De fato, algumas façanhas mostram que o trabalho de Cristiano na Fórmula-1 não foi decepcionante. Muito pelo contrário. Sobretudo em pleno ano do debut no certame da FIA, em 2003, quando somou mais pontos que o companheiro de equipe, Olivier Panis. Cá entre nós, embora o francês não fosse um Michael Schumacher, dera uma trabalheira danada ao Jacques Villeneuve, campeão de F-1 em 1997, na BAR. E já era um piloto bastante experiente, com nada menos que nove temporadas na categoria.

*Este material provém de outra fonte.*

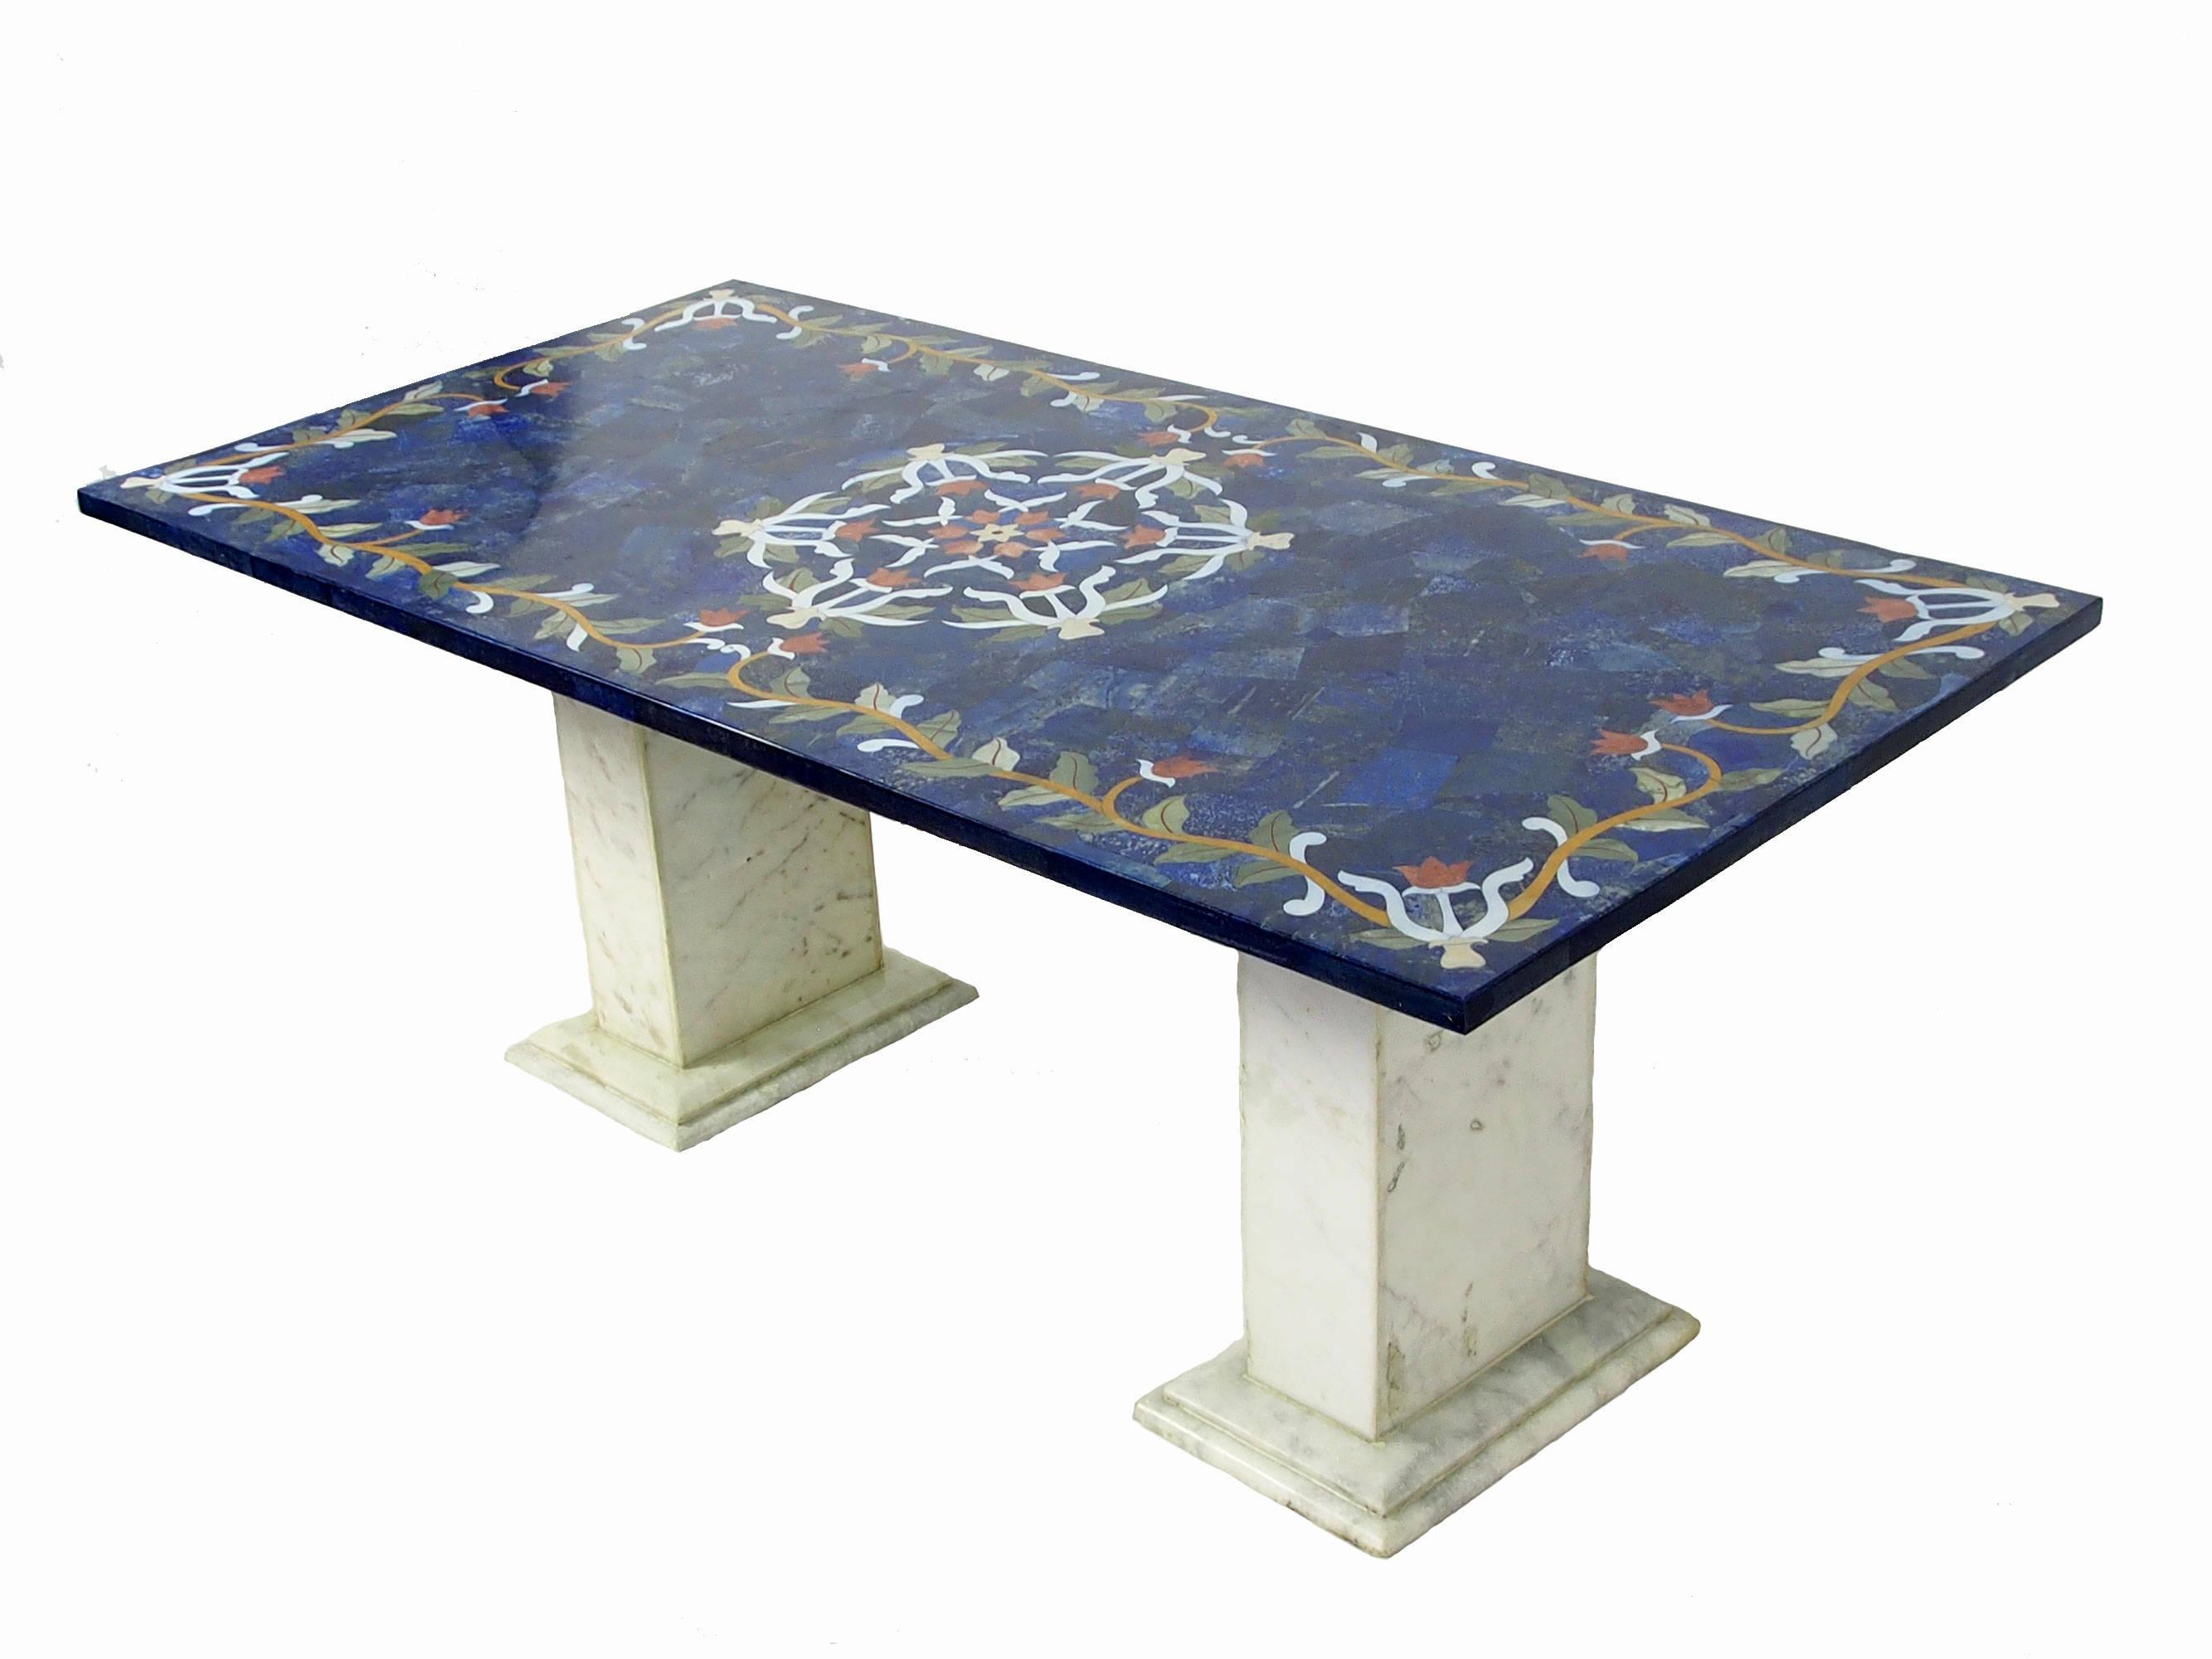 120x60 cm pietra dura marble Lapis Lazuli coffee table table

Ainda em 2003, Da Matta tirou da cartola um terceiro melhor tempo no treino oficial do Grande Prêmio do Japão e liderou as primeiras da Toyota no certame. Foram 16 no comando em Silverstone, na Inglaterra.

É bem verdade que ele só herdou a liderança porque permaneceu na pista durante a bandeira amarela originada pela invasão do mesmo irlandês maluco que barrou Vanderlei Cordeiro de Lima, na maratona das Olimpíadas de Atenas, em 2004; ao passo que os líderes anteciparam a primeira série de pit stops. Mas Cristiano mostrou uma tocada bastante firme enquanto ponteou a corrida, sem deslizes. Não se intimidou com os ataques de Kimi Raikkonen, então líder do campeonato e com um potentíssimo McLaren. Isso tudo em um dos circuitos mais velozes da F-1. Da Matta parecia até um veterano, a bordo de uma Ferrari ou uma Williams.

Sinceramente, pouco importa qual será o rendimento de Cristiano nas pistas da Fórmula Truck nesse ano. Sua volta ao cotidiano do automobilismo já é o suficiente a todos que admiram esse pequeno gigante brasileiro.